Diamonds Crystallizing From Seawater

In recent studies, scientists have discovered that diamonds crystallize from ancients saltwaters going back as far as 200 million year ago and plan on using this information to help figure out how exactly diamonds form. If found, it would be paramount for the diamond industry and might eliminate the infamous “blood diamonds” as this has been causing damages for decades.

Mark Bronner DiamondsGeochemist at Columbia University, Yaakov Weiss says, “We can look at diamonds as time capsules, as messengers from a place we have no other way of seeing.” This is an interesting way to conceptualize the expensive precious stones that have been a symbol of affluence as long as time.

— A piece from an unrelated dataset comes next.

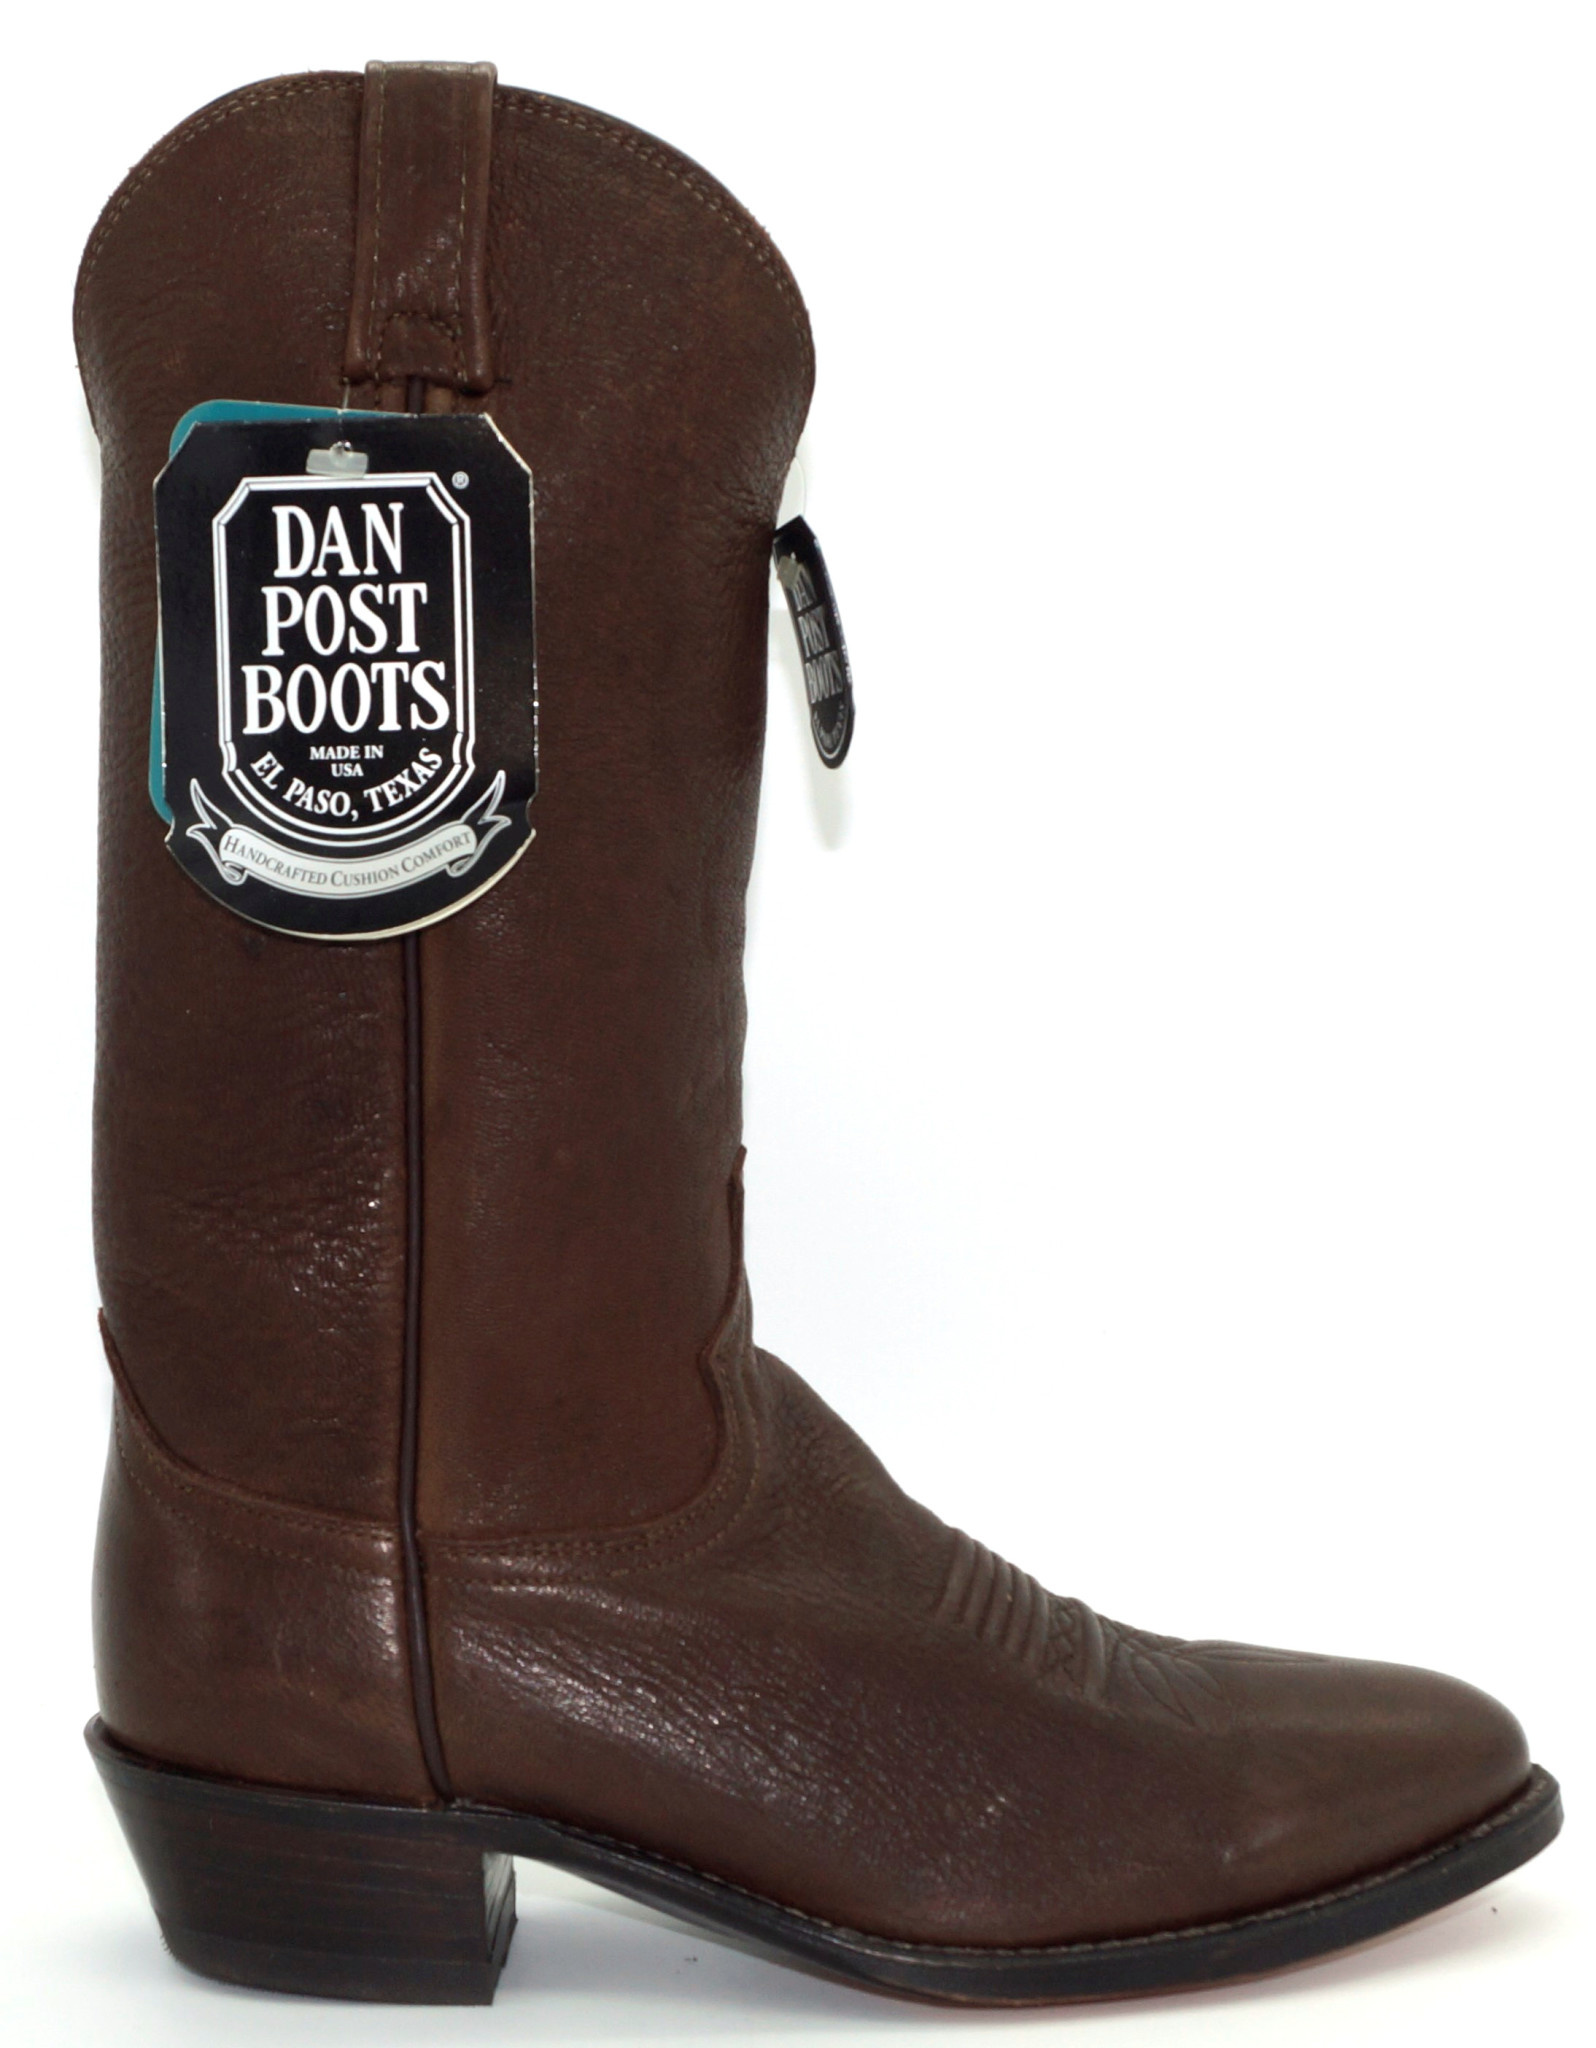 elk skin boots

Researchers hypothesize that the gems begin to crystallize from the extraordinary heat and pressure in the Earth’s mantle layer located about 90 to 100 miles below the surface. The deepest diamond found came from 430 miles below the surface. Volcanic action and eruptions bring the precious stones to the surface with some dating back as far as 2.1 billion years ago. They surface in rock formations called kimberlites. Of about 2,000 known kimberlites, only around 60 were worth mining.

It is believed that diamonds crystallize in these conditions with the aid of a fluid though it hasn’t been proven or agreed upon on what exactly that fluid is. Many agree that both poor and high quality diamonds  from this same fluid though. Weiss commented, “Personally, I am among those that think that most diamonds form in a similar way.”

In the Ekati Diamond Mine located in Canada, geochemists have been studying and analyzing fluid inclusions in the formation of diamonds in hopes to discover what the mystery fluid is that the changes their structure. The diamonds used for this process are usually flawed with impurities.  Eleven fibrous (multilevel) diamonds were used to conduct their study. What they found was that the fluid was salty and filled with sodium, chlorine, and potassium. All the characteristics of seawater.

This “seawater” could be evidence that the Earth’s oceanic crust is having a chemical reaction and creating a mixture with solid rock, allowing the diamonds to crystalize. Although more study and examination is necessary, this information could also mark a change and create a new wave in mining. This could also spark a boost in the declining market.